Chief Executive Officer of California Public Employees’ Retirement System (Calpers) Anne Stausboll also recently emphasized the importance of engagement over withdrawal, stating:
“Engagement is the first call of action and is the most effective form of communicating concerns with the companies in which we invest. That is why, when it comes to climate change and its risks, Calpers’ view is that the path to change lies in engaging energy companies, instead of divesting them. If we sell our shares then we lose our ability as shareowners to influence companies to act responsibly.”
Interestingly enough, even Bill McKibben admits that divestment won’t have any direct impact on companies, and instead notes that the movement “will undercut the industry’s political power” and is just “one tool to change the zeitgeist.” Perhaps emphasizing engagement – a tool that Green Century itself has found extremely powerful in effecting change – would be a better way to have an actual impact.

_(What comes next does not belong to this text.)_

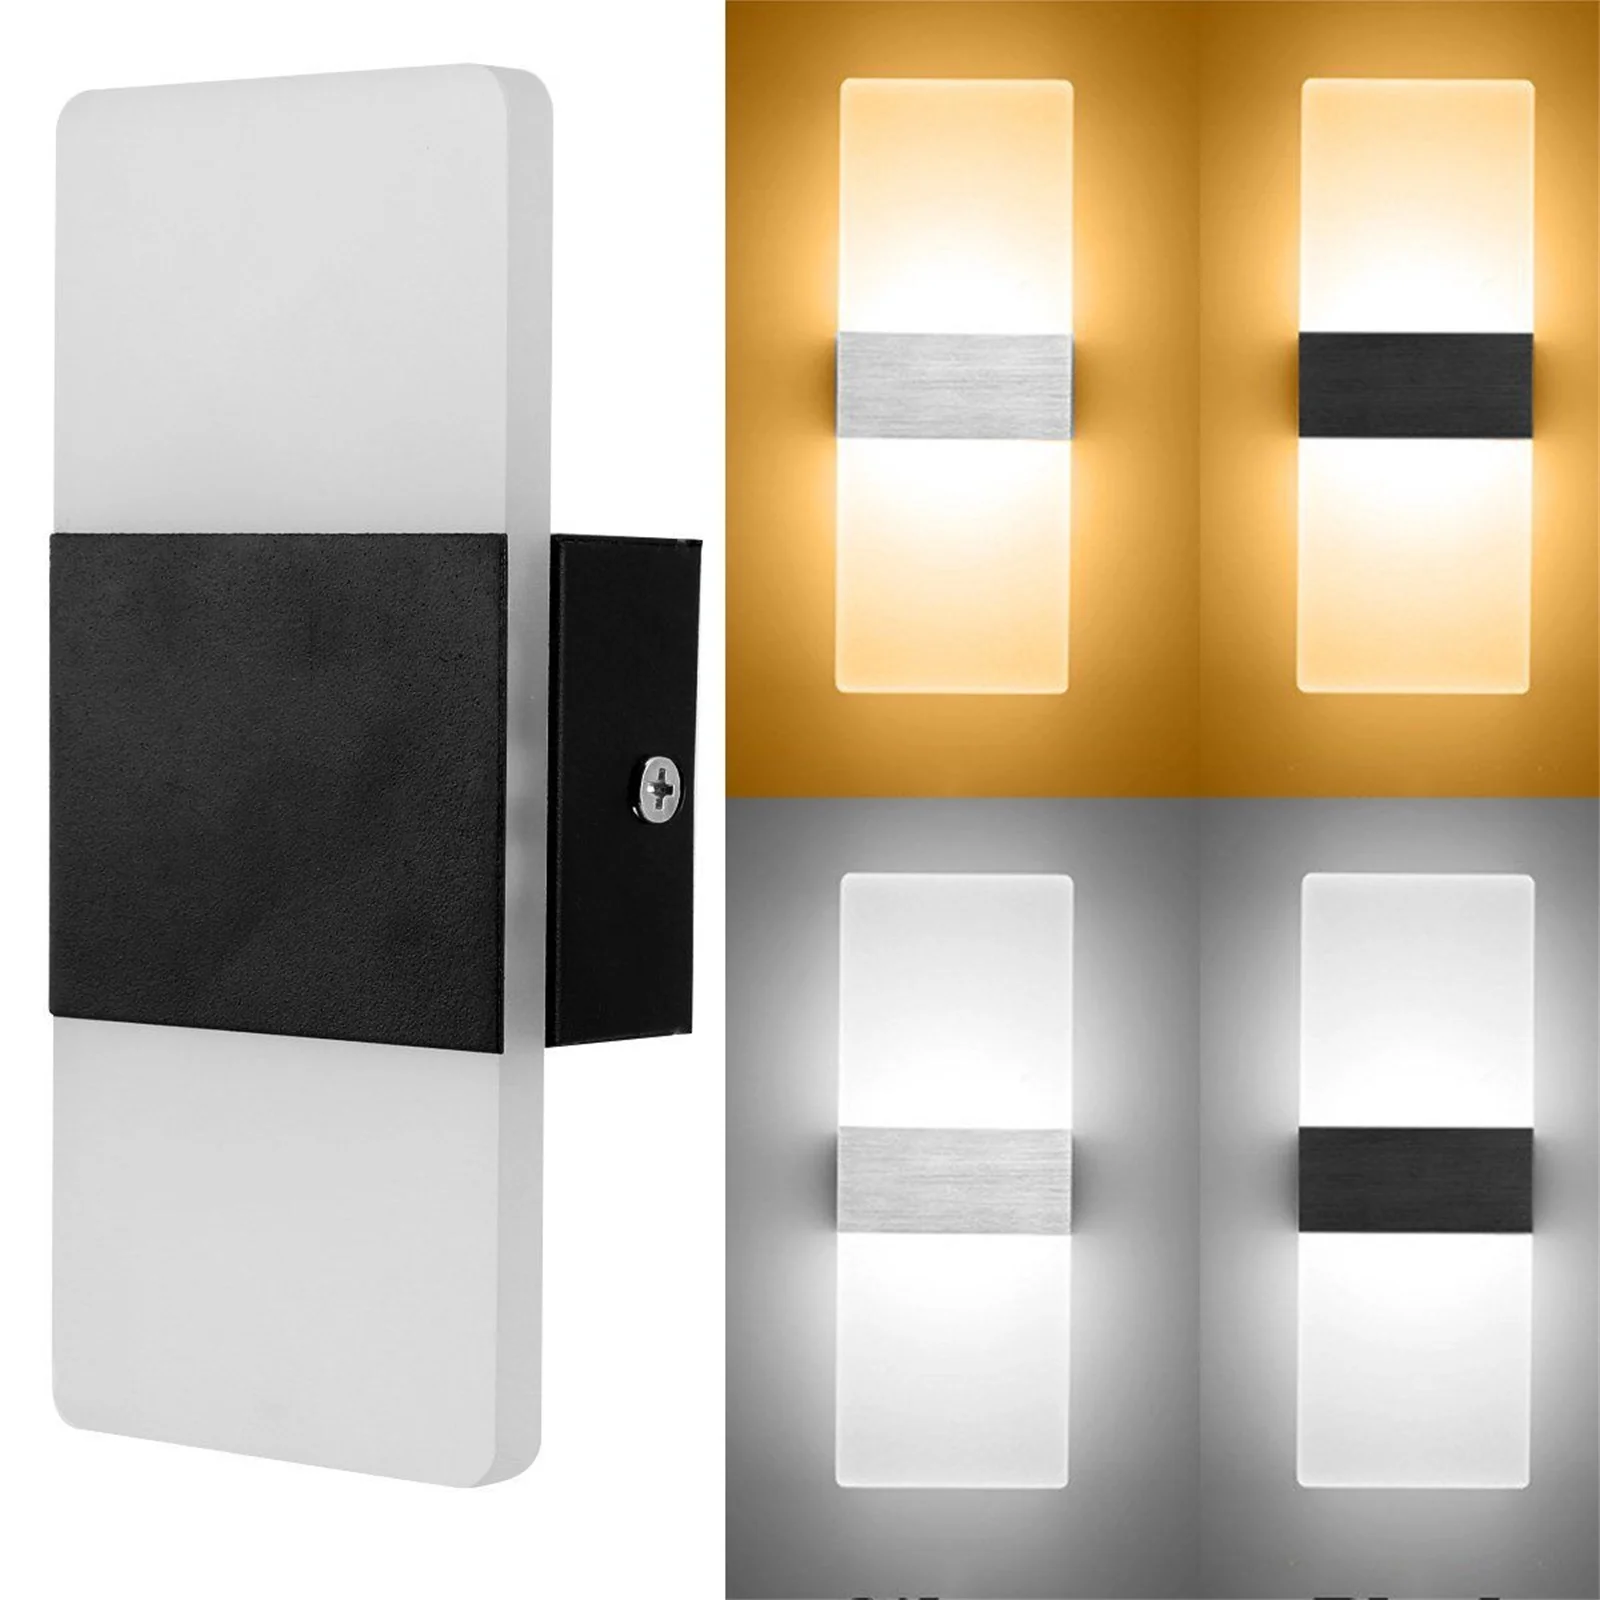 LED Wall Light Up Down Cube Indoor Outdoor Room Sconce Decor Lamp Bedroom Hotel

In his opening remarks, 350.org analyst Brett Fleischman thanked Green Century for its support of the divestment movement, noting that Green Century and 350.org have long partnered on initiatives to support divestment. Of course, it was only a couple months ago when Green Century’s Leslie Samuelrich spoke at Harvard’s Heat Week to urge the school to move forward with divestment; 350.org also features Green Century as a fund to consider to “reinvest in climate solutions” and together in 2014 the groups announced a “guide to divestment” with Trillium Asset Management.
While none of this is surprising given the organizations’ alignment on the fossil-free campaign, it does beg the question of whether Green Century supports divestment because it sees it as a way to combat climate change – a fact that even supporters of the divestment campaign have rejected – or rather a way to increase support of its own fund, and thus support its own business agenda.
As demonstrated by this webinar, trying to make the financial case for divestment isn’t easy – even for folks who support it! The more divestment activists try and provide the financial justification for divestment the more it fails. If it takes reinvesting money in Russia to make it work, you know the argument isn’t going to hold up. For any activist that actually listened to the webinar, the bottom line was clear: divestment isn’t for you, and it’s probably not for college endowments either.